◆ **Exercise prompt**: Reproduce the full listing below unchanged, apart from the pictures.

◆ **Recorded data**:
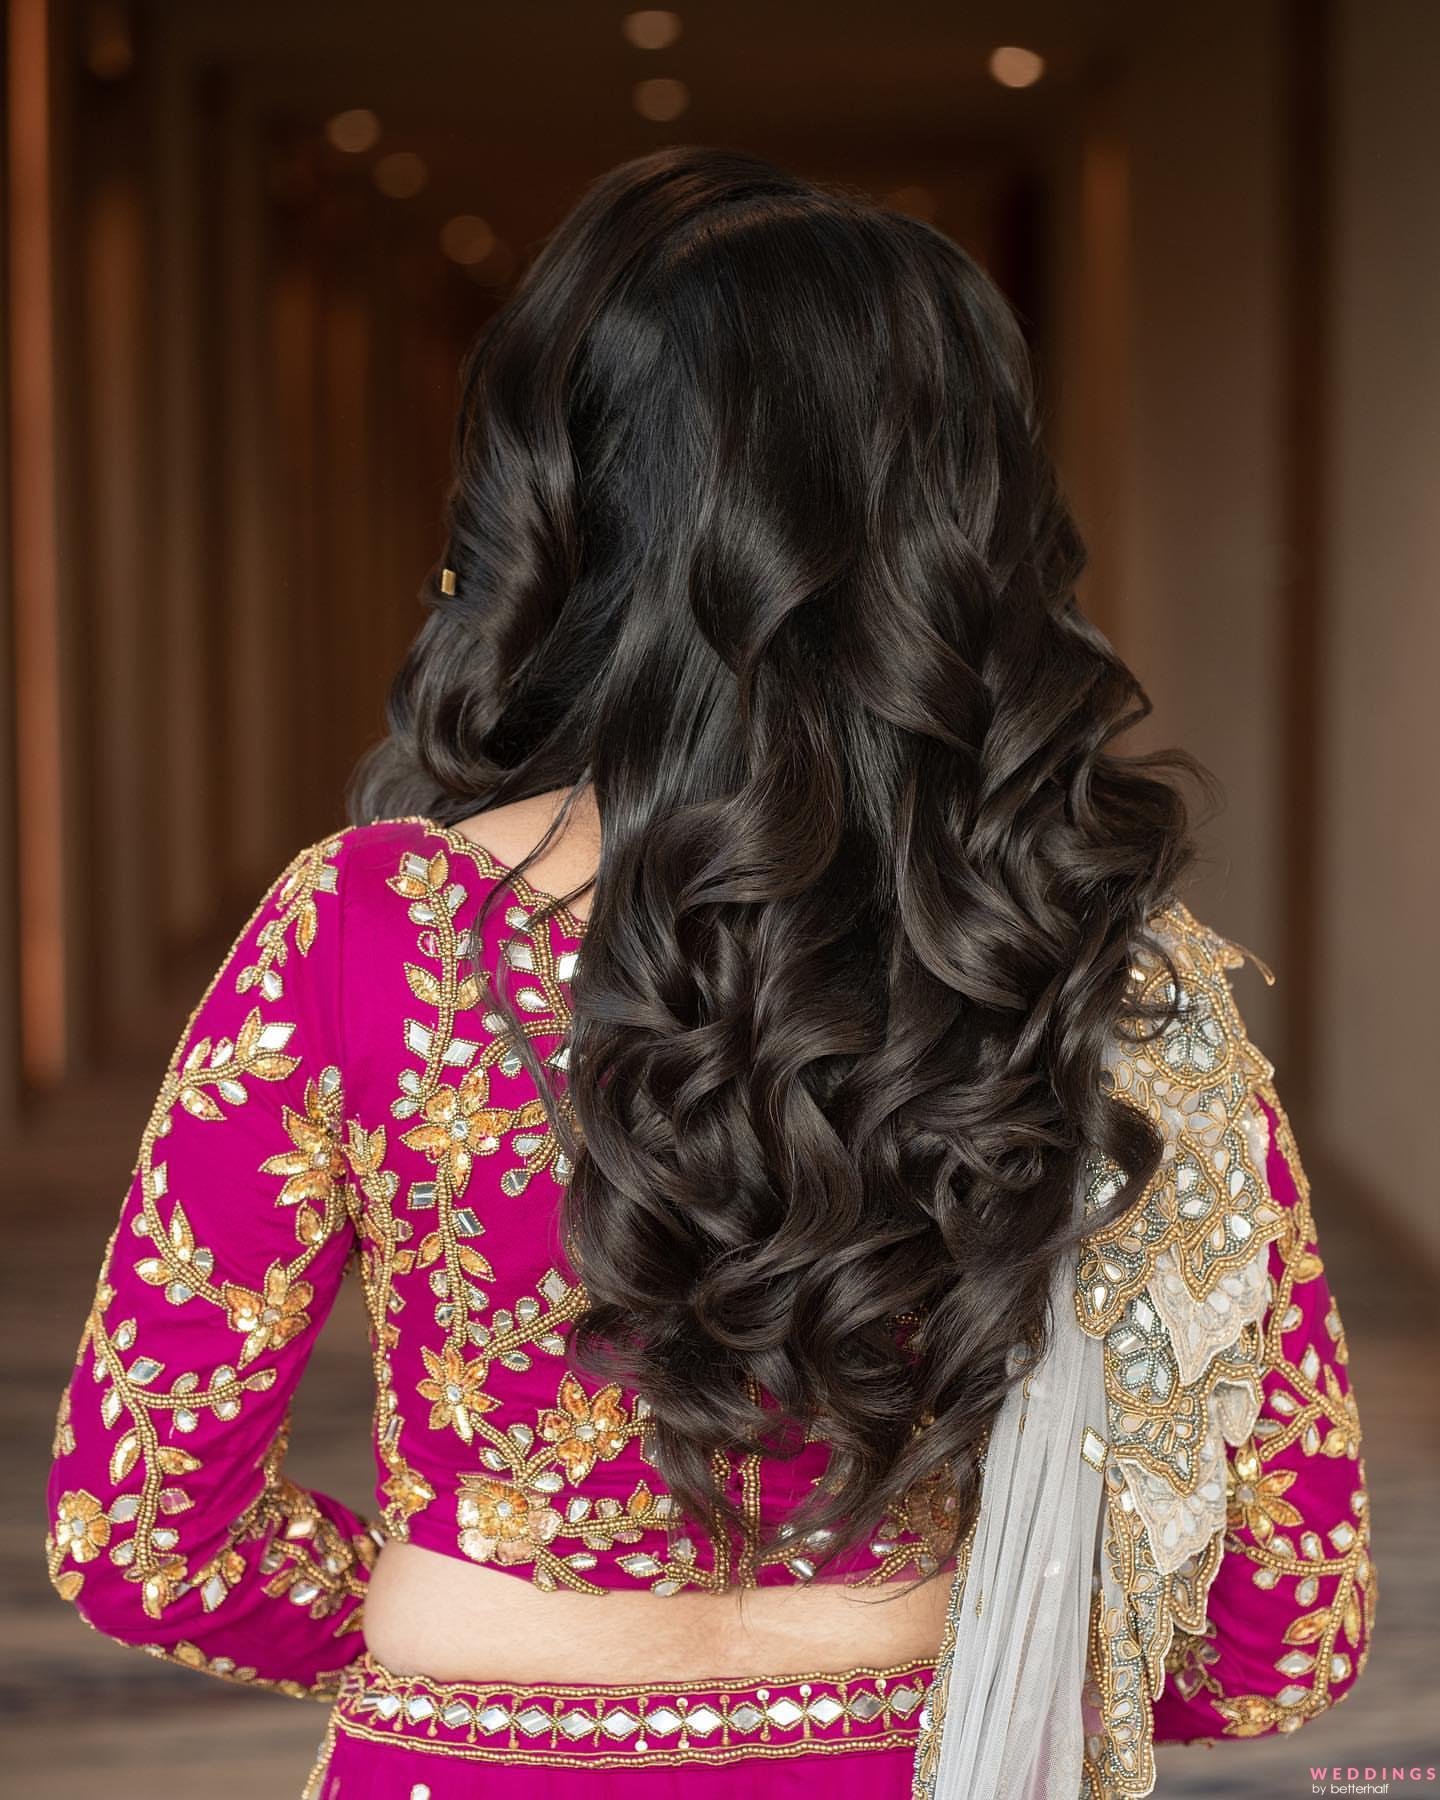 Bridal Hairstyle - ZoWed.com | Blog
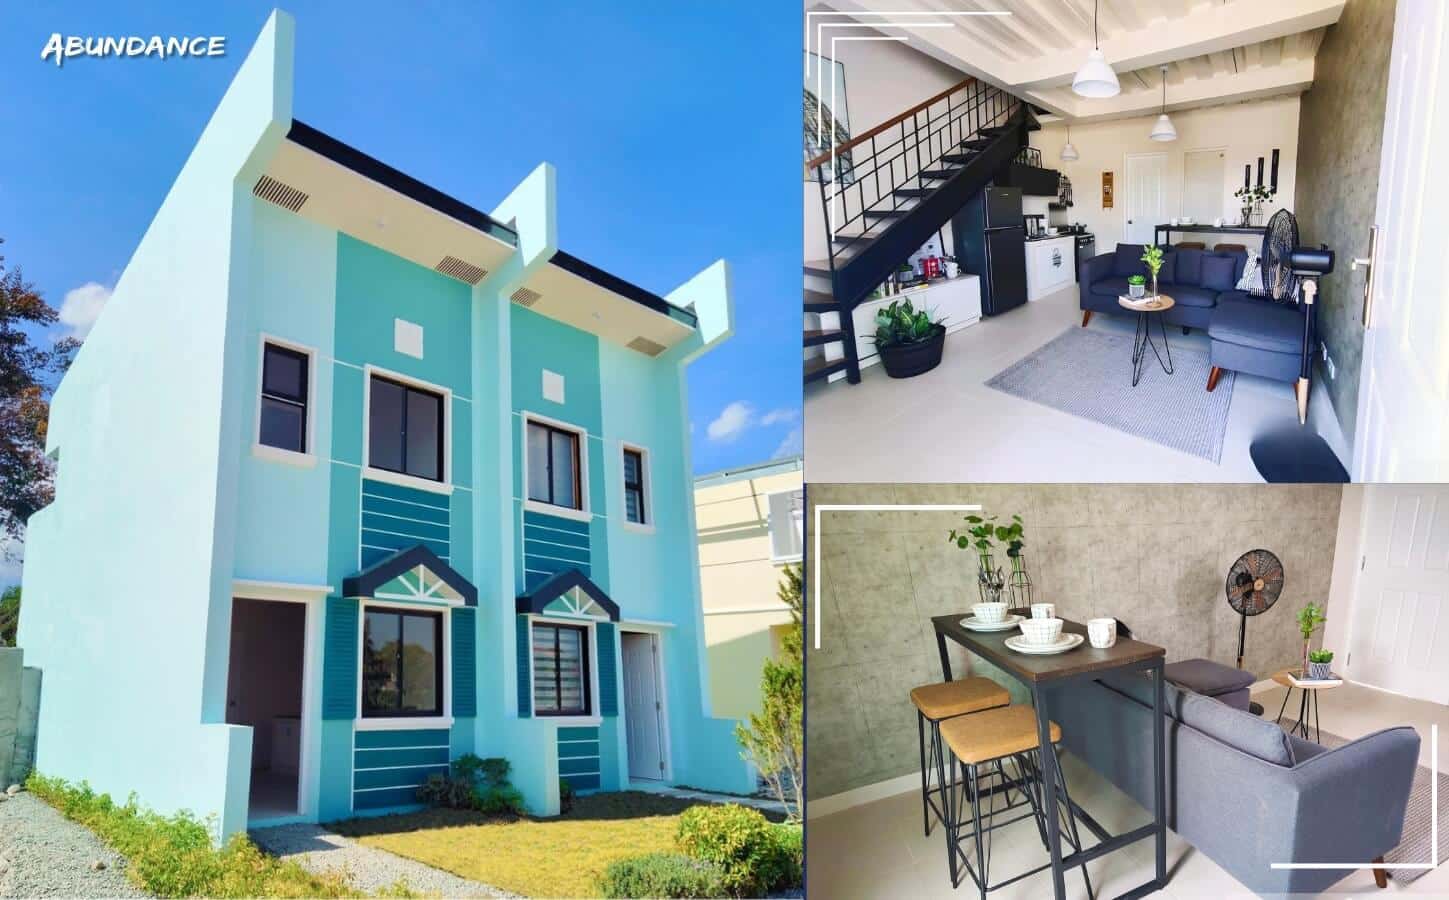 Wellford Homes Malolos - Yvonne townhouse Model
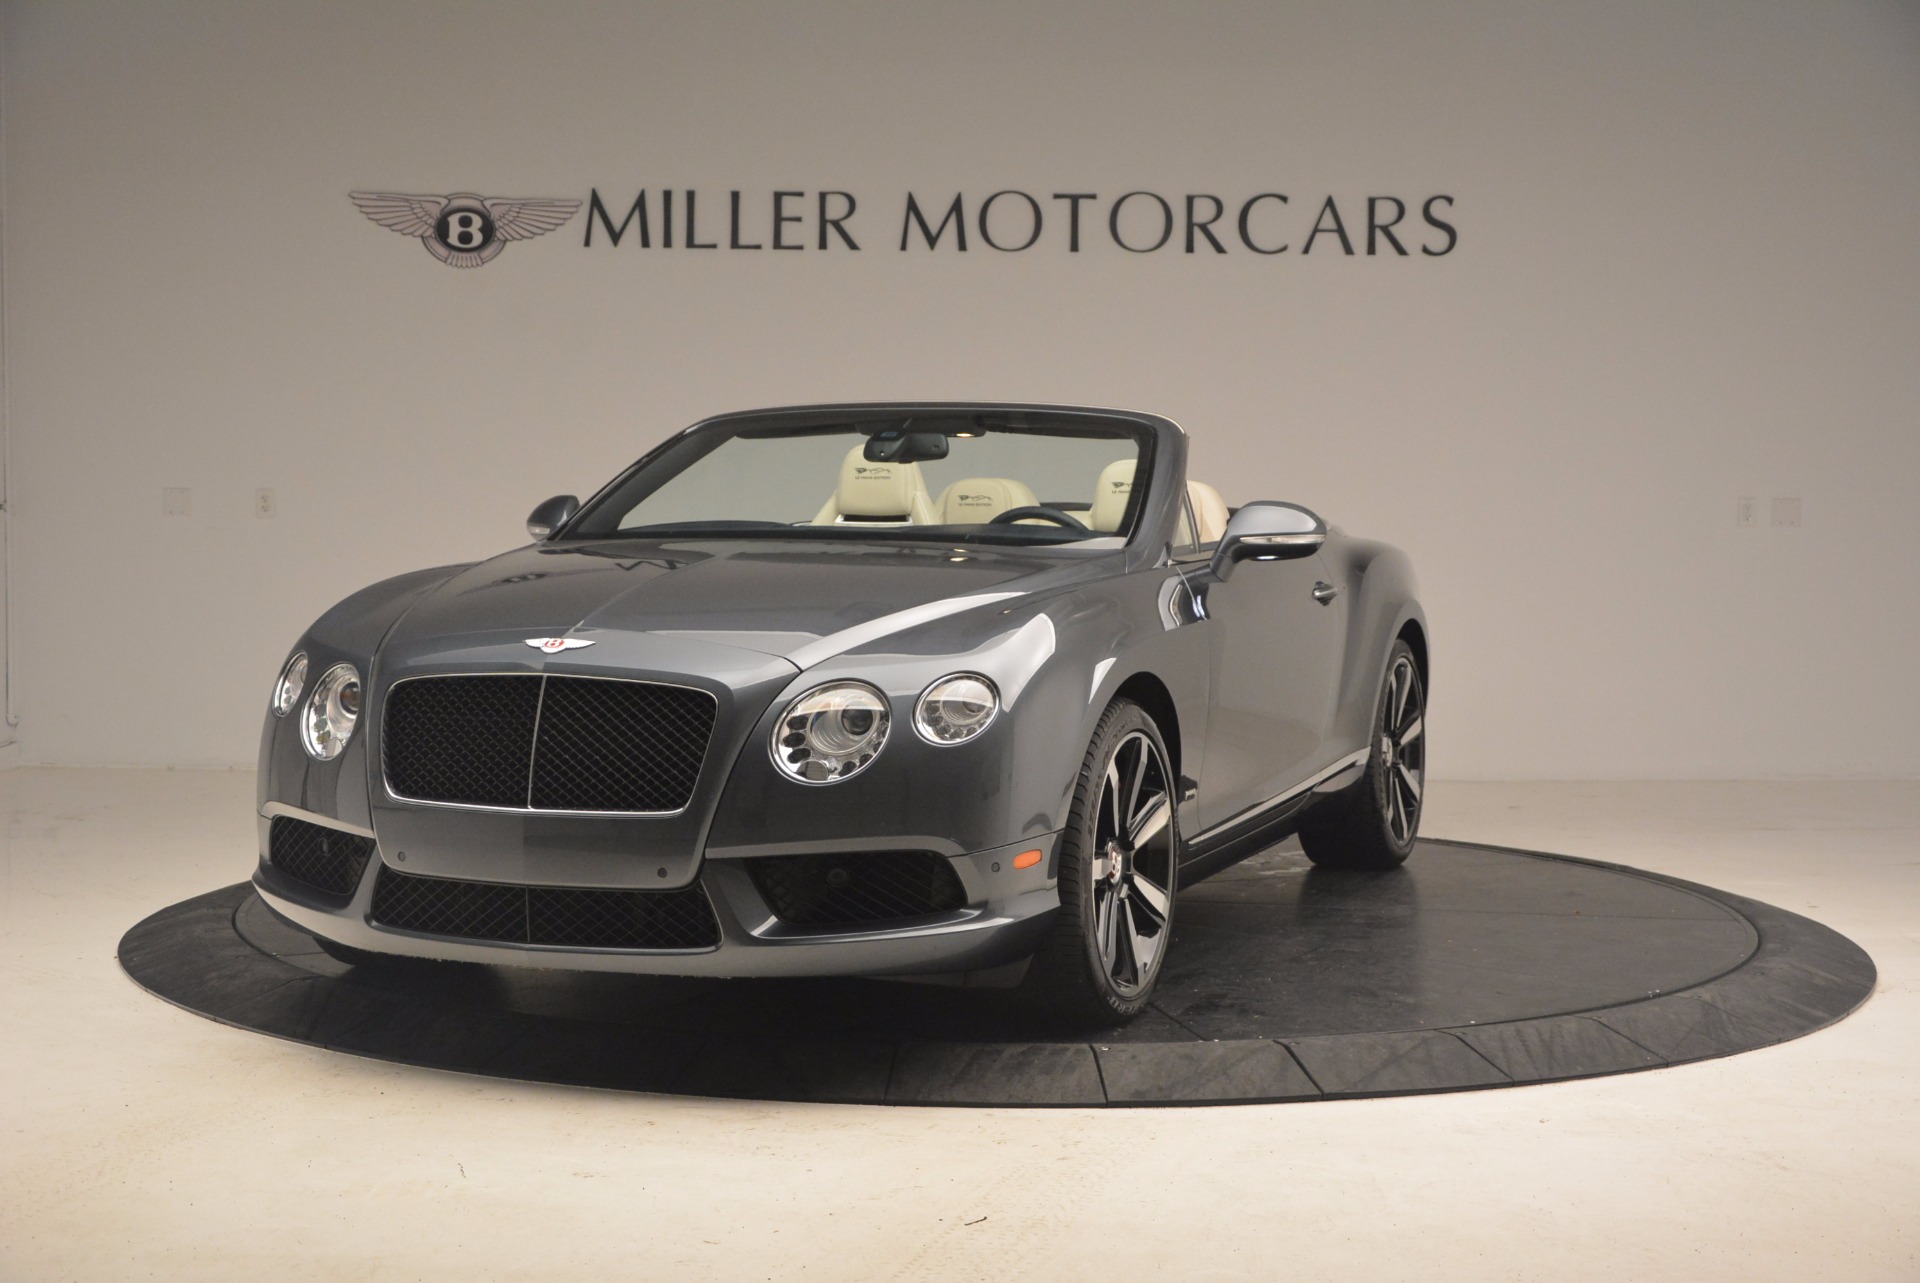 Used 2013 Bentley Continental GT V8 Le Mans Edition, 1 of 48 for sale Sold at Rolls-Royce Motor Cars Greenwich in Greenwich CT 06830 1

◆ **Answer to this exercise**:
 Bridal Hairstyle - ZoWed.com | Blog
 Wellford Homes Malolos - Yvonne townhouse Model
 Used 2013 Bentley Continental GT V8 Le Mans Edition, 1 of 48 for sale Sold at Rolls-Royce Motor Cars Greenwich in Greenwich CT 06830 1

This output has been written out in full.